Even as the Nigerian economy remains agrarian in nature; it continues to face heavy barriers, including those within international systems, in achieving industrialization. The promotion of long‐term economic growth requires industrialization; the faster the expansion of industry in a country, the greater its long‐run growth.

" The textile and ready-made garments industry in Nigeria tells a story of arrested development and of lost glory. Once a vibrant and dynamic sector in Nigeria, the sector exported to countries in the African region. It achieved an annual growth rate of about 70 percent, and constituted 25% of the manufacturing sector’s labor force of over one million workers between 1960 and the late 1980s. There were around 115 factories across the Cotton Textile and Garments (CTG) value chain, which engaged in several stages of the value chain such as spinning, weaving, and garment production in 1980. The Nigerian textile manufacturing capacity was valued at N420 billion and investment worth of US$3 billion in 1999."

"By 2007, Nigeria had only 26 textile and ready-made garment (RMG) companies in operation with employment of roughly only 24,000 people. The near demise of the industry in Nigeria coincided with the rise of Asian producers, including China. China’s export value of RMG was approximately US$266.41 billion in 2020. Specifically, a dual process occurred: the growth of Chinese imports combined with massive influx of Chinese company representatives to Nigeria, while Nigerian traders flocked to China to import garments and textiles into Nigeria. There were by 2008, 50,000 Chinese textiles personnel in Nigeria and 20,000 Nigerians in China.
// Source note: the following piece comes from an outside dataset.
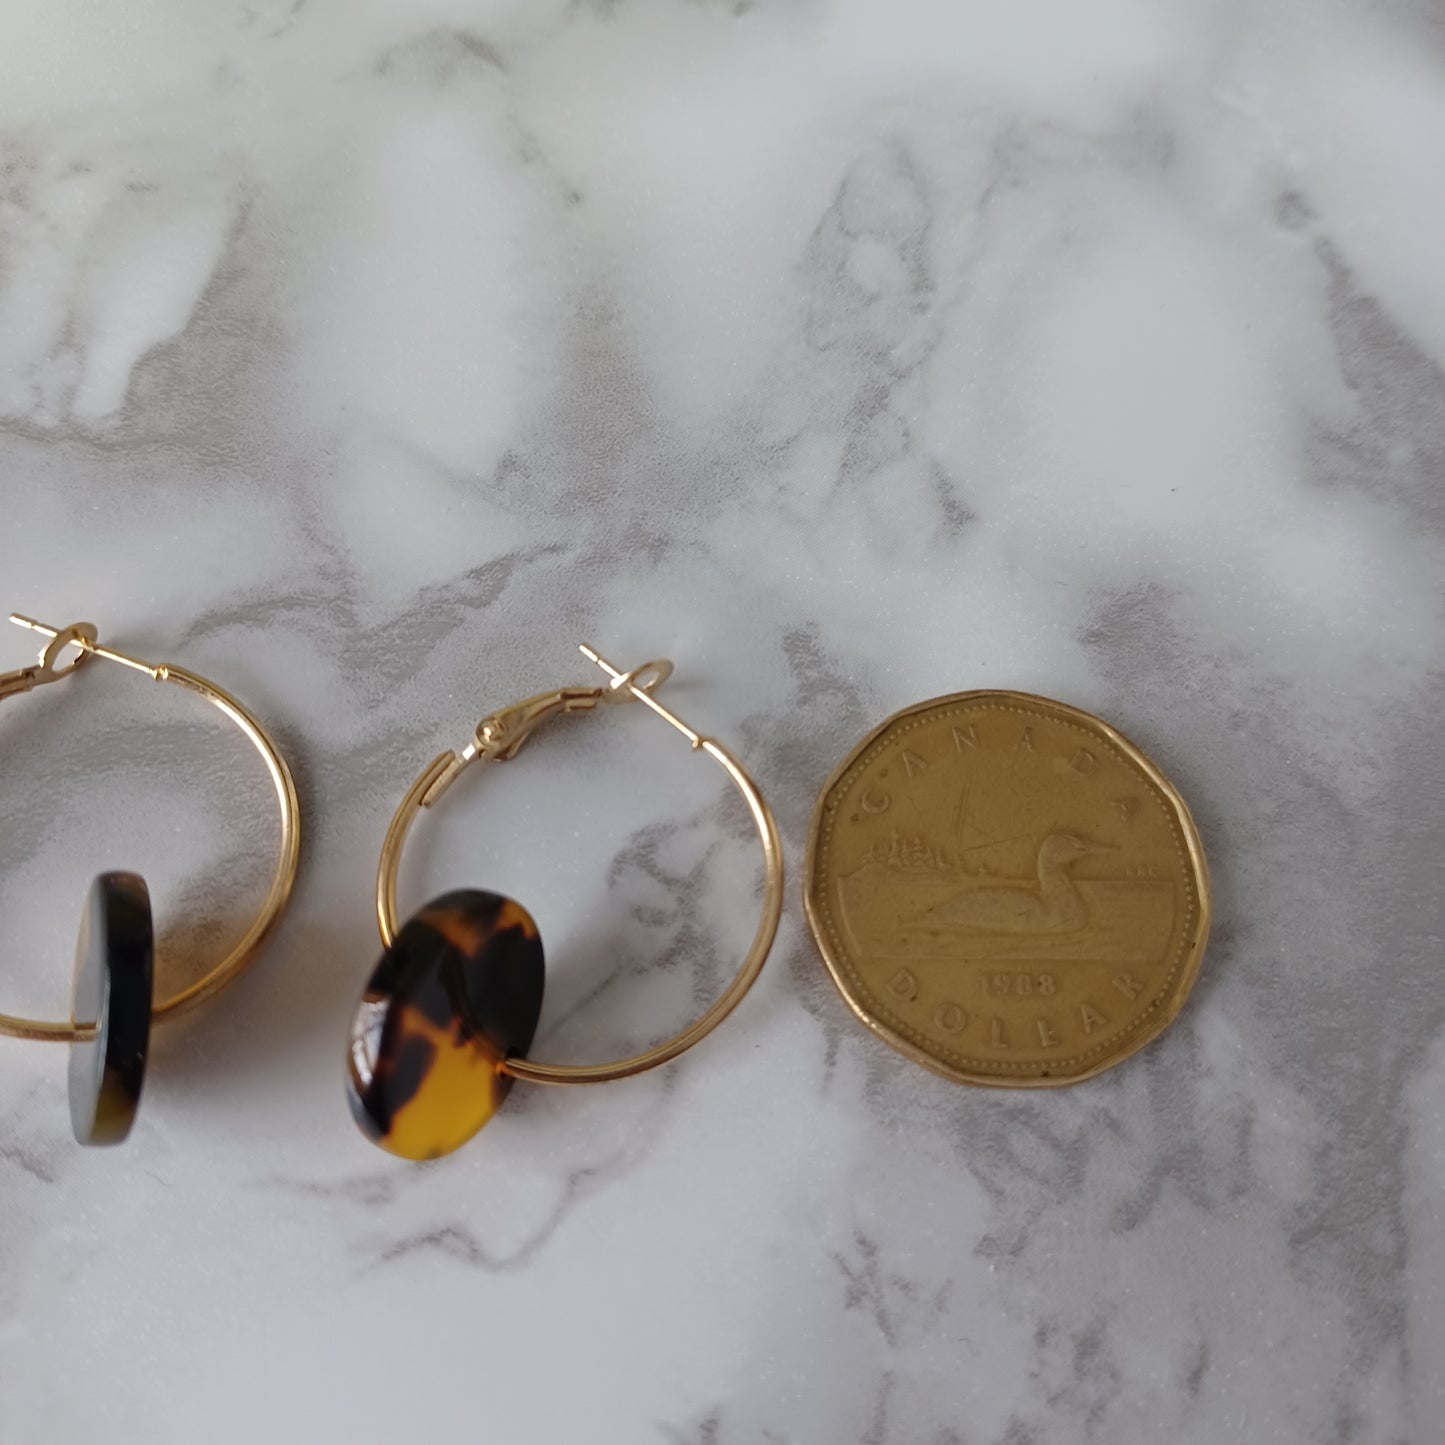 Boucles d'oreilles anneaux or ronds tacheté-ocre-noir et brun/Spotted-ochre-black and brown round gold rings earrings

"In 1972, the World Bank approximated the gross domestic product (GDP) of Bangladesh at US$6.29 billion. It grew to US$368 billion by 2021, with US$46 billion of that generated by exports, and 82% of which was ready-made garments.[3]  In the year 2016-2017, the RMG industry generated US$28.14 billion, which was 80.7% of the total export earnings in exports and 12.36 percent of the GDP; the industry.[6]

"Nigeria swapped its RMG Production Nation status for a Consumption Nation status. The country engaged in a race to the bottom ladder of poor nations when it’s reliance on crude oil became a pathology.

The don then recommends that for the nation to regain its economic growth status in comparison with other contemporary countries, the leadership question must be well addressed with a view to changing the policy drive towards production and improved infrastructure aimed at improved foreign exchange revenue for the country.